Wednesday, November 28, 2012

Kansas City: Toto we aren't even in Kansas anymore

Jordan and I almost didn't want to leave the Dollhouse in the morning. The last two days in Nashville had been absolutely amazing and we couldn't have asked for more welcoming, fun and awesome hosts. But we had an itinerary (aka a map that I had created from Photoshop in ten minutes) that we had to abide to, and I wasn't going to stray from it so early in the game.

After we said our goodbyes, we headed off to Kansas City, Missouri, our second stop. Now I just want to make it clear that the only reason why we even stopped in Kansas City is because we had to without driving for a ridiculous amount of time to Denver. So we caved.

First of all, it annoys me that it is called Kansas City but is in Missouri. If they were going to name a city Kansas City then why wouldn't they make sure it was in the state that it was named after? Why put it on the border? I just don't understand.

Second of all, upon arriving to Kansas City, I was dumbfounded. The streets were deserted, even though the city actually is pretty big. No one was out in the streets– it was bizarre. It was almost like a big movie set but without the extras. To say the least, and I mean this with the most respect for its citizens, but Kansas City gave me a weird vibe from the very beginning.

Nevertheless, we got in contact with our second host, Amanda, who I got to host us for the one night a week earlier. She lived in what her roommate called "Little Mexico," because of the huge population of Hispanics that lived there. According to her, Kansas City was made full of these pockets of different neighborhoods that were all divided by its inhabitants' ethnicities. There was a Polish neighborhood, a Korean neighborhood, a Jewish neighborhood: everyone was segregated.

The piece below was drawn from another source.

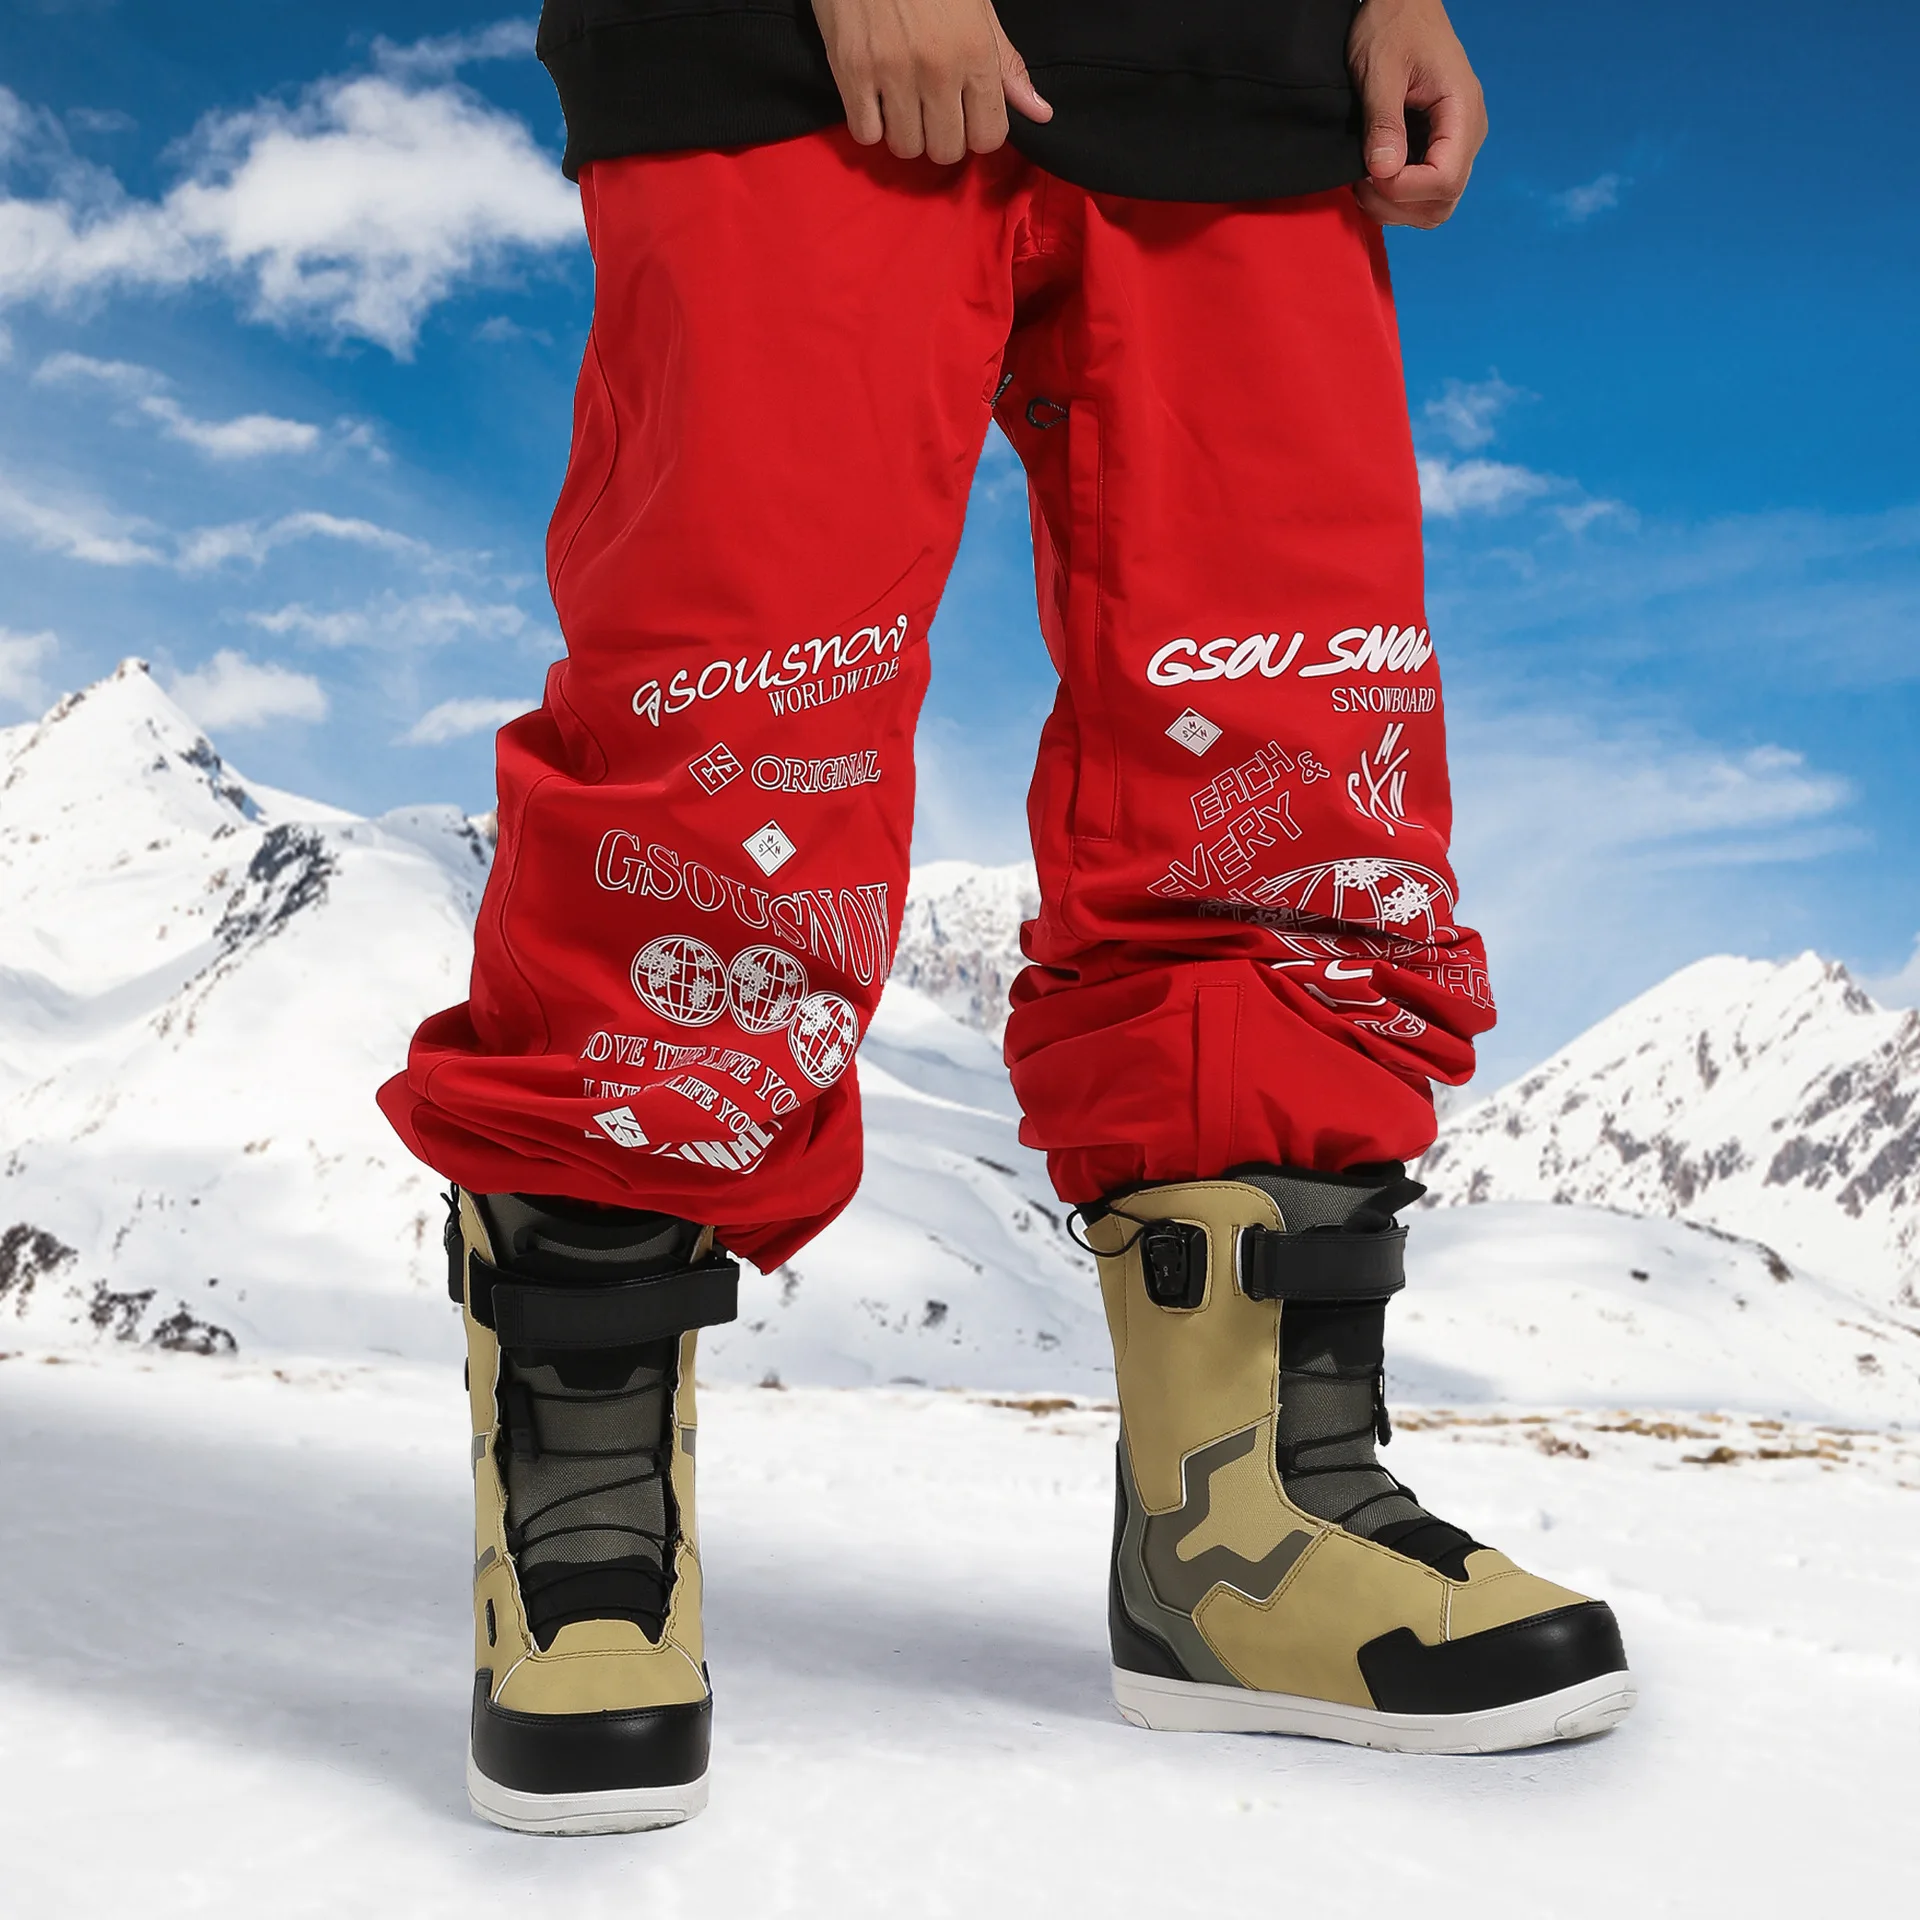 

Men and Women's Patchwork Multiple Pockets Ski Pants, Windproof Snowpants, Waterproof Snowboard Pants, Female and Male Skiing Tr

Contrary to Little Mexico, however, Amanda was a tall, skinny white woman and her and her roommate were devout Christians. They even worked at their church. As in it was their career. This I did not expect.

Jordan and I had arrived in the city with good expectations, determined to give Kansas City the benefit of the doubt. Needless to say however, we were definitely not going to the bars that night. She had to get up early in the morning, which meant that we had to wake up at six o'clock too.

However, she was a very nice host and after we had a long, though slightly awkward conversation with Amanda and her roommate (he had just recounted to us the "crazy" time that he threw a sock party at the house), she laid out towels for us, showed us our twin beds that we were sleeping on, and gave us sheets and blankets.

When it came down to it, all we wanted was a bed and/or couch to sleep on, so I was very thankful. Even better, she surprised us by making us breakfast and coffee in the morning, which was already laid out on the table by the time we came downstairs. It was like I was at home with my mother. She then told us how to get to the Plaza, a popular shopping center where we could eat and go to the coffee shop to look for hosts in Denver.

Our adorable host Amanda's good morning to Jordan and I. 

We thanked her for her hospitality and gave her a surprise of our own. In Nashville we had given Jackie a jar of pickled okra that Jordan had gotten from North Carolina and we decided to continue the tradition for the rest of the trip. We had gotten Amanda a box of Goo Goo, a chocolate candy that originated in Nashville and is freakin delicious. I really hope that she actually liked chocolate like she said she did.

Apparently Kansas City is known for its fountains (they have more than any other city in the world besides Rome) and that became more clear to us once we got to the Plaza. There were fountains all over that shopping center; it was literally the most interesting thing that I had seen since I got to Kansas City.

Jordan and I immediately Yelped a coffee shop and made ourselves comfortable at a corner table next to an outlet and buried ourselves in the Couchsurfing website. We were going to be in Denver that night and had yet to send out a single request for a host.

All in all, Jordan and I cranked out ten requests each and our stories became steadily more and more comical. We were cracked out on iced coffee and eventually started to read aloud lines from our requests that were the most hilarious. 

In one of my interactions, I wrote: "If I could attach a venn diagram of our similar interests I would. In any case, we would have a lot of items in the middle."I then proceeded to copy and paste what he listed as "Interests" on his profile, and comment on each of them. Needless to say, I did not hear back from him.

After two hours in the coffee shop, Jordan got a call from a host that he sent a request to less than five minutes before. Her name was Constance and she said she would be happy to host us for the night. I looked over her profile– she had rainbow-colored dreadlocks, looked homey and liked making facial scrubs. Good enough for me.

Jordan and I high-fived each other and then split up. I went in search of a quick gift for our new host Constance while Jordan went to grab the car.

There was no time to lose– we had to get the hell out of Kansas City.